Now it just so happens that my public IPv4 source could identify me as friendly, but I know there are so many massively-NATed networks out there that bad actors could hide behind.
I am assuming Cloudflare does have the customer's https privates and does have the ability to see through TLS if they wanted to, right? Because they have to accept all connections and then hand off the good ones? That would be necessary to issue temporary redirects with Cloudflare junk added to the ?x=x request string.
When I think of session whitelisting it goes by stages of increasing desirability,
If session whitelisting could be achieved, in this or the next generation of front end infrastructure, then Website (such as TDWIN) might... instead of trying to identify bad logged-in actors when there is a flood, maintain a 'good citizen score' of logged-in users over time that eventually declares them human.
That makes sense. So the difficulty of DDoS attacks have got more complex overtime. In that case the key benefit of Cloudflare is they can probably identify rogue IP addresses much faster due to their size and serve up a captcha to try to reduce the problematic traffic. It certainly makes DDoS attacks harder by rate limiting abnormal refresh rates and other activity. T_D is holding up well so far.

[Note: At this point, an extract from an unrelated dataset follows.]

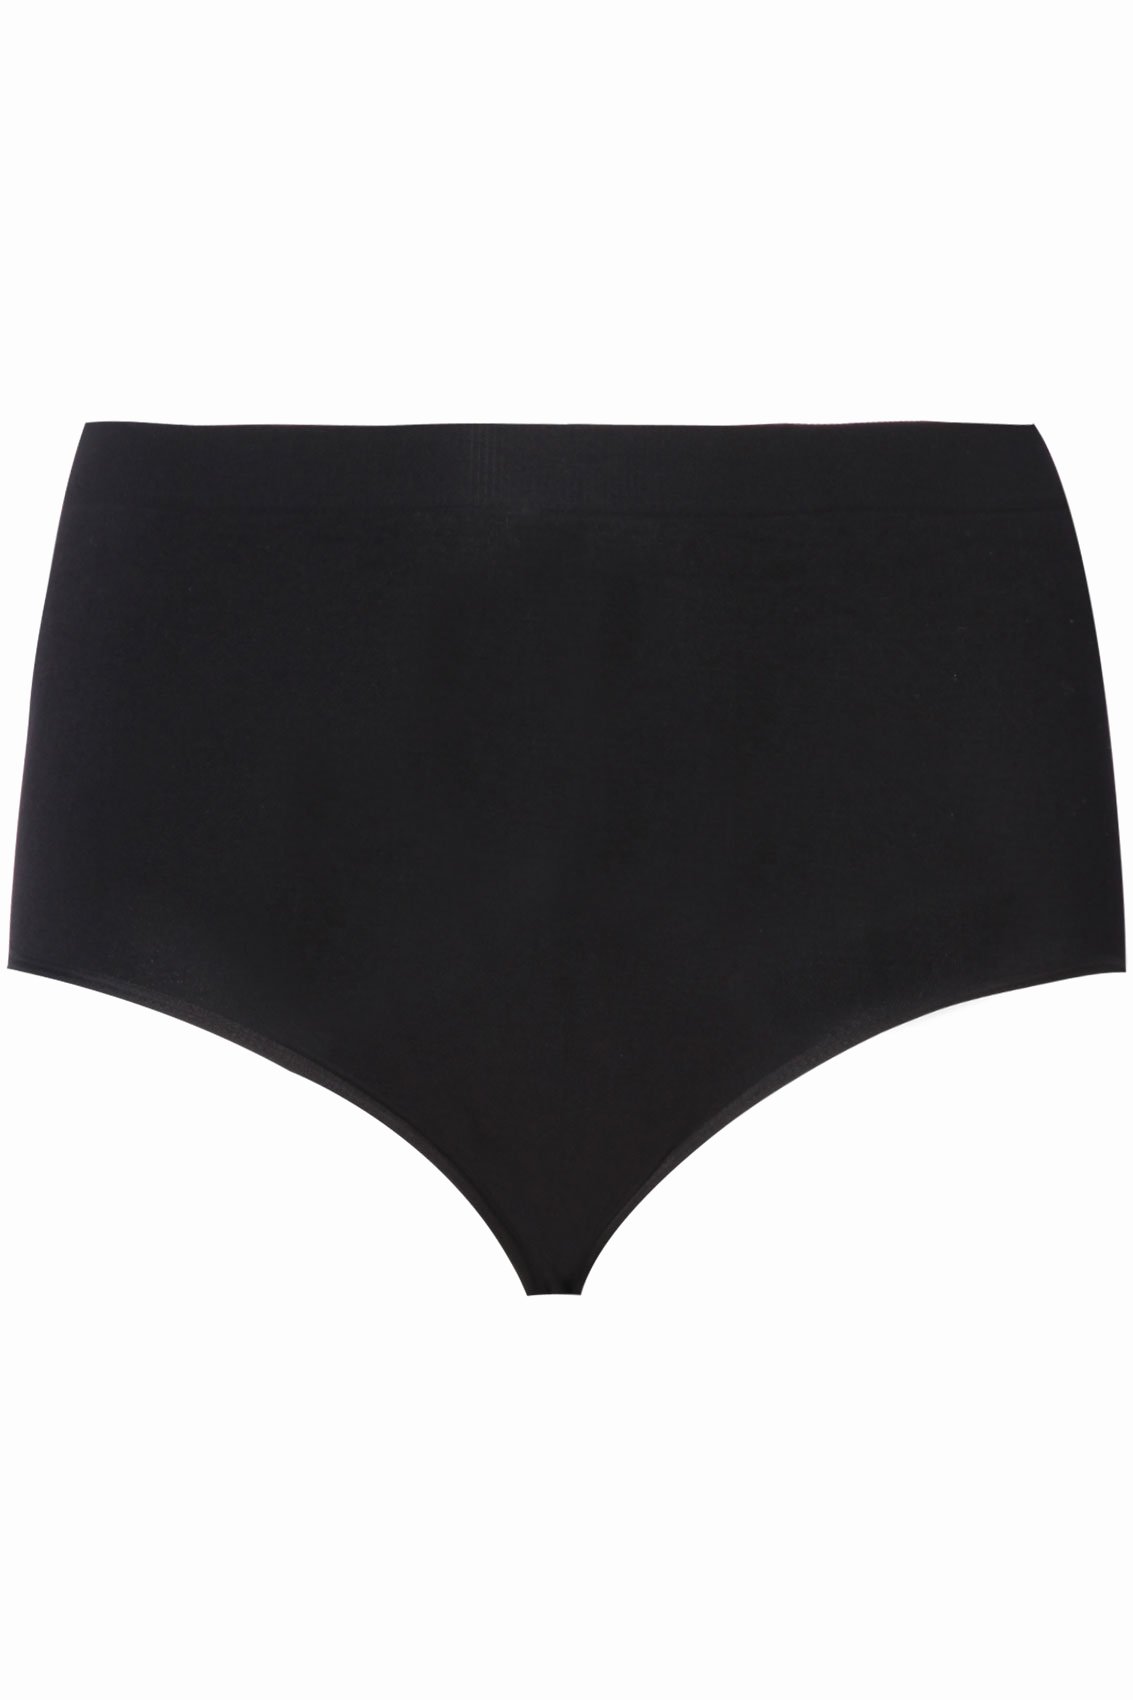 No Refund Policy Template Lovely Black Seamless Light Control Brief Plus Size 16 to 28

Exactly. The nasty thing that has happened with DDOS attacks is they are mostly done by criminals for hire these days. They infect a huge number of PCs with malware and they act as Zombie machines that the DDOS gangs control, they either extort money from the victims or charge people by the hour for attacks.
I would say it is close to 100% that the DDOS attacks we have had is some leftist getting on a Tor site and buying a DDOS. Cloudflare is such a good service, our mods know what they are doing ensuring that protection right from the start.
Hopefully the mods stand a chance if Cloudflare does fall through. Would be interesting to see how http://vanwa.tech/ compares. 8kun seems to be up still.
Could always run multiple load balancers and use DNS load balancing which confounds DDoS attacks pretty well. Anycast can get weird as the global topology shifts around. e.g. a client in a threshold area may start a connection to one location and might have to finish in another. An edge case to be sure, but not impossible. Anycast would require genuine statelessness to work effectively which is doable with with some good planning around session AAA.